Frage von xy121, 147

Erzeugt eine Spule nur mit Wechselstrom ein Magnetfeld?

Hey! Frage steht oben. Theoretisch würde dies doch auch mit einem Gleichstrom passieren, da ja für ein Magnetfeld nur ein Strom durch einen Leiter fließen muss. Allerdings muss sich doch die magnetische Flussdichte ändern und dies geschieht nur mit einem Wechselstrom, oder? Oder verwechsel ich hier was?

Und noch eine 2. Frage. Wenn man Transformatoren verwendet, benutzt man auch hier Wechselspannung? Und was würde passieren, wenn man Gleichspannung verwendet? Danke!!!

Expertenantwort
von Peppie85, Community-Experte für Elektrik, Elektronik, Elektrotechnik, 80

die spule erzeugt auch mit gleichstrom ein magnetfeld. wenn es allerdings darum geht, dass du einen trafo betreiben willst, dann brauchst du nicht nur ein magnetfeld, sondern das muss sich auch ständig ändern. das ist ungefähr so wie wenn du fahhradfährst... vom auf der pedale stehen bleiben bewegt es sich nicht. jedenfalls nicht auf dauer...

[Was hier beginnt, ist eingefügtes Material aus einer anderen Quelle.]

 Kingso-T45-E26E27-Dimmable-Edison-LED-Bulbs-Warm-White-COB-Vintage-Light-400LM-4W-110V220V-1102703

das geht aber übrigens auch mit gleichstrom und zwar mit pulsierendem gleichstrom. durch das abschalten ändert sich das magnetfeld auch. nicht nur durch das umpolen...

bestes beispiel ist die zündspule im Auto. der strom der allerdings aus einem solchen trafo hinten raus kommt ist weit von dem entfernt, was man sinus nennen könnte... auch wenn es wechselstrom ist, da durch den zusammenbruch des magnetfeldes ein inverser impuls entsteht.

lg, Anna

Kommentar von xy121 ,

warum funktioniert ein trafo nur mit wechselspannung? und warum wird in der sekundärspule eine spannung induziert? mir ist nur bewusst, dass die primärspule ein magnetfeld hervorruft, welches auf die sekundärspule übertragen wird, aber wieso entsteht hierdurch eine spannung?

Kommentar von xy121 ,

danke!

Antwort
von NoHumanBeing, 90

Eine Spule erzeugt auch dann ein Magnetfeld, wenn sie von Gleichstrom durchflossen wird. Dann kannst Du sie beispielsweise als Elektromagneten benutzen.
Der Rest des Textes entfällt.